En fonction des systèmes, ces différents capteurs sont reliés à des petits boîtiers, par des fils. Les différents enregistrements sont stockés en mémoire, pour être récupérés le lendemain sur un ordinateur. Le médecin qui réalise la polysomnographie est chargé ensuite d’interpréter les signaux, en vue de faire le compte rendu de l’examen.

L’examen se fait généralement durant 6 heures. Cependant, le patient doit rester à l’hôpital pendant plus de dix heures. D’autres tests peuvent être effectués, pour rechercher une apnée du sommeil ou d’autres types de troubles du sommeil.

De nos jours, on note une émergence des tests à domicile. Dans ce cas, on parle de polygraphie ventilatoire. Elle est plus simple à réaliser que la polysomnographie. En revanche, il s’agit d’un processus incomplet. Cela conduit parfois à des résultats insuffisants ou inadéquats.

Néanmoins, les tests à domicile améliorent le confort du patient et réduisent les coûts médicaux. L’équipement à utiliser provient habituellement de l’hôpital. Il est remis au patient par un technicien médical. Après utilisation, le patient restitue le matériel le lendemain matin.
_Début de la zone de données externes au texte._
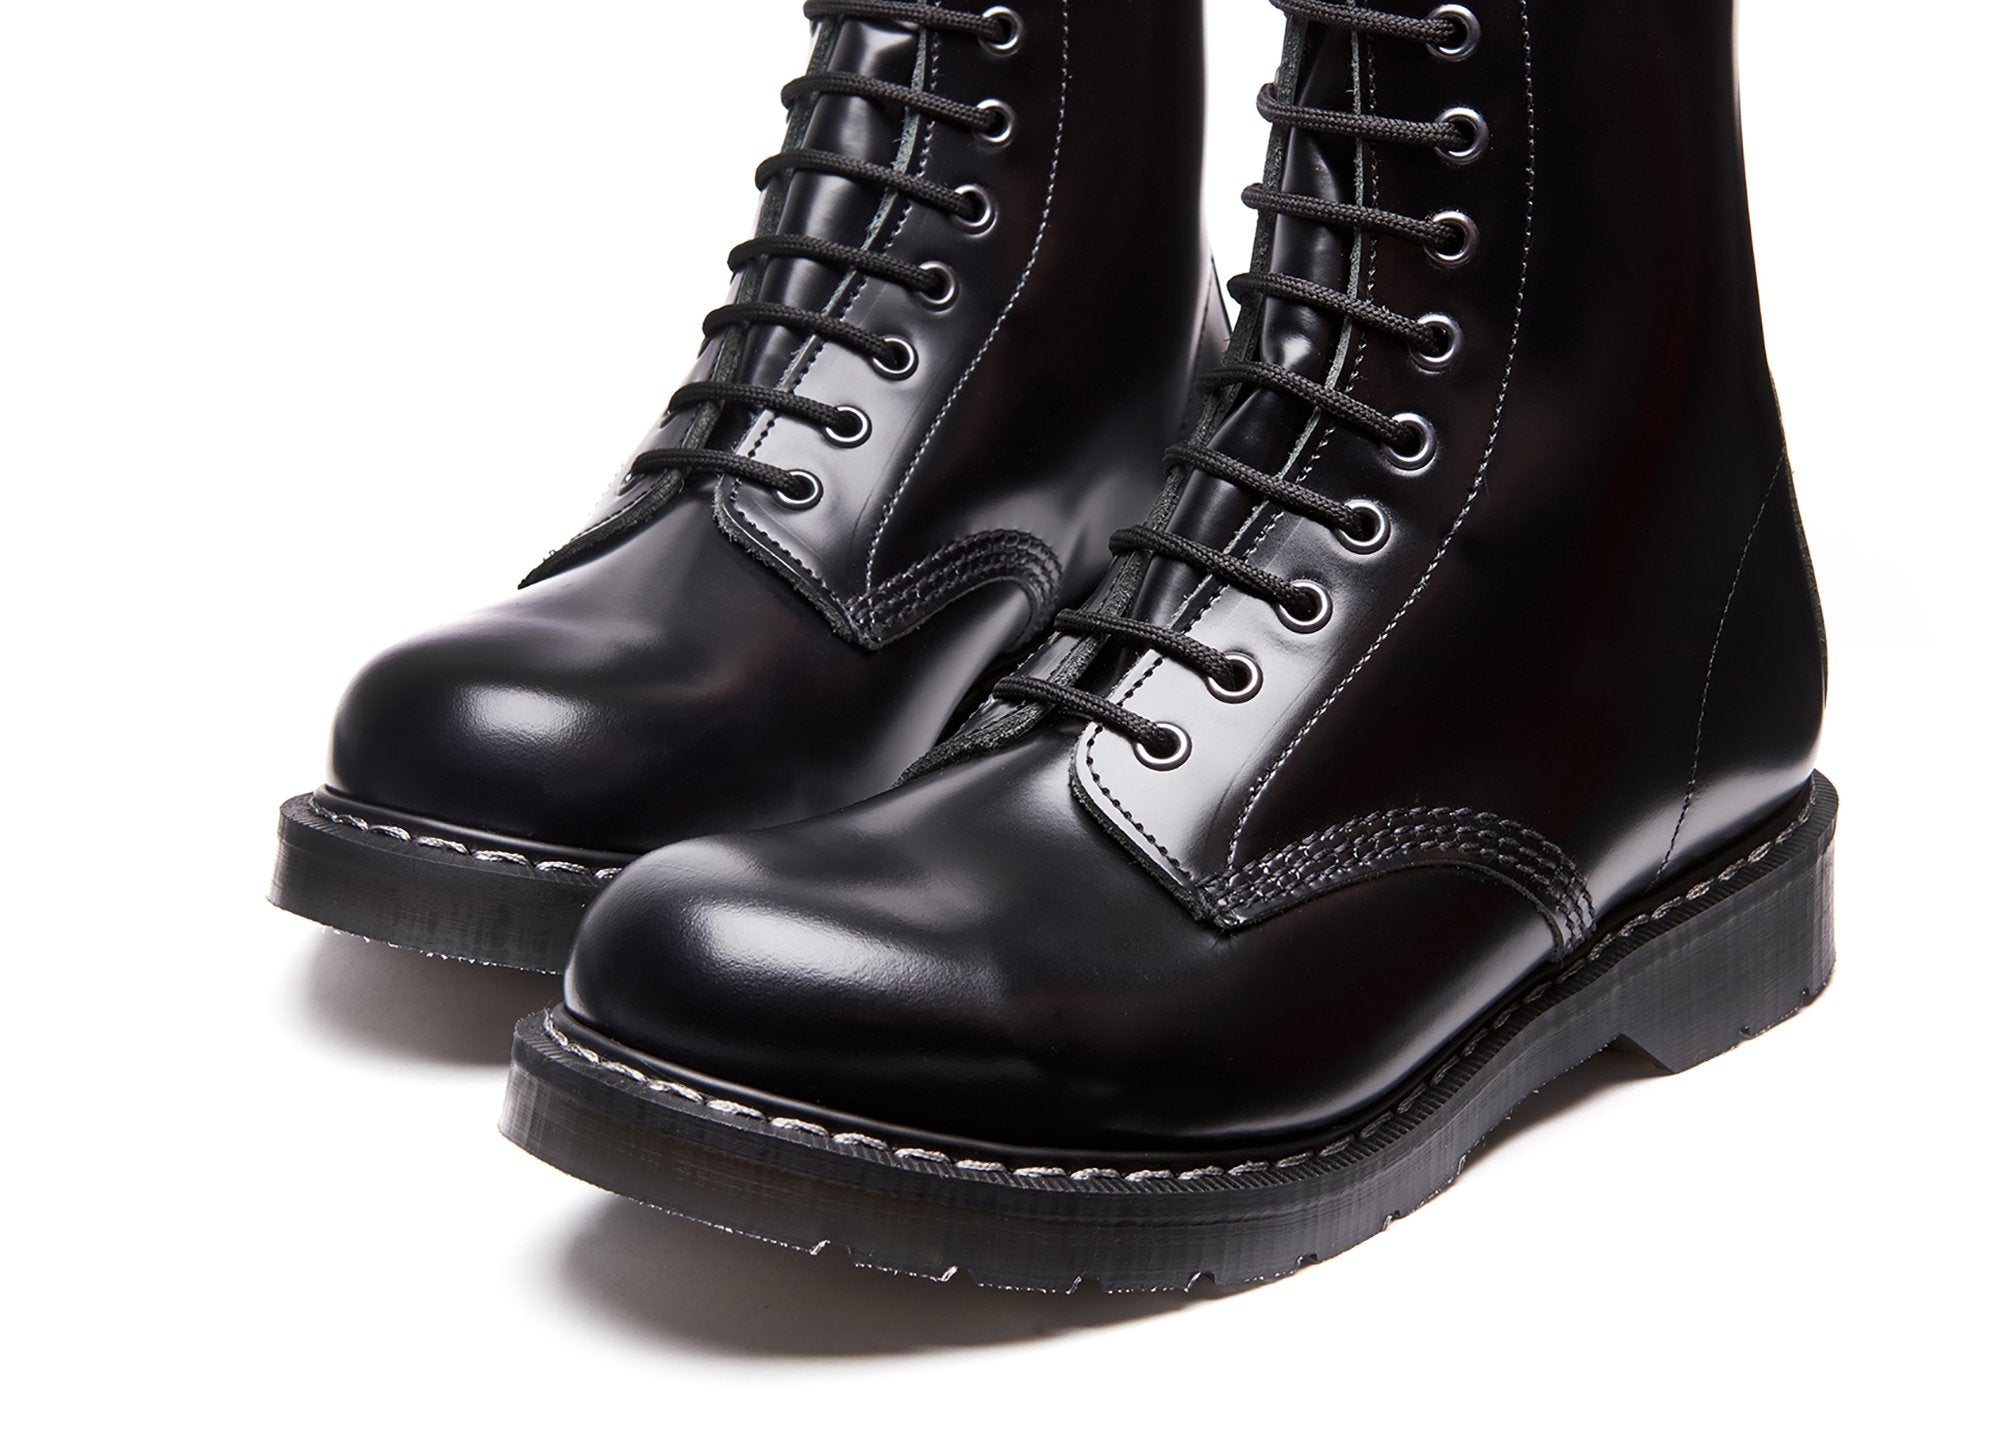 Black Patent 8 Eye Derby Boot | Solovair | Handmade in England 4.5 Mens / 5.5 Womens

Il faut noter que la veille de l’examen, il est formellement interdit de consommer de l’alcool ou du café. Si le patient suit un traitement médical, il doit l’annoncer au médecin.

L’analyse des résultats

Le plus souvent, une seule polysomnographie est largement suffisante pour analyser le sommeil et, déterminer l’éventuel problème. L’examen prend en compte la fréquence d’apnée, les mouvements musculaires, la fréquence de l’hypopnée et, les ondes qui caractérisent les différents cycles du sommeil.

Le personnel médical définit le nombre d’hypopnées ou d’apnées, durant le sommeil. On parle d’index apnées hypopnées. Lorsque cet index est inférieur ou égal à 5, alors l’individu est normal. Par ailleurs, en cas de supériorité, il s’agit donc d’une apnée légère du sommeil.

Si l’index est compris entre 15 et 30, on parle d’apnée du sommeil modérée. Mais lorsqu’il excède 30, il s’agit de ce fait d’une apnée du sommeil sévère. En revanche, compte tenu de la quantité d’informations à analyser, des résultats complets ne peuvent être obtenus que, quelques jours après l’enregistrement. Selon différentes institutions médicales, ils peuvent être fournis et expliqués aux patients en consultation.

L’étude de différents facteurs peut certainement aider à identifier d’autres troubles du sommeil et à évaluer leur gravité. La polysomnographie est un test coûteux (environ 1500 euros en moyenne). Le coût varie en fonction de la nature de l’installation et de la ville où elle est implantée. Cependant, la polysomnographie sur prescription médicale peut être partiellement remboursée par la sécurité sociale.

De façon générale, la polysomnographie est un examen qui vise à déterminer les différents troubles liés au sommeil chez un individu. C’est un examen que l’on réalise généralement la nuit. Le patient peut décider de faire cet examen à l’hôpital, comme à la maison. La polysomnographie peut être envisagée en cas d’insomnie, de narcolepsie, de Parasomnie atypique ou encore d’hypersomnie d’origine centrale.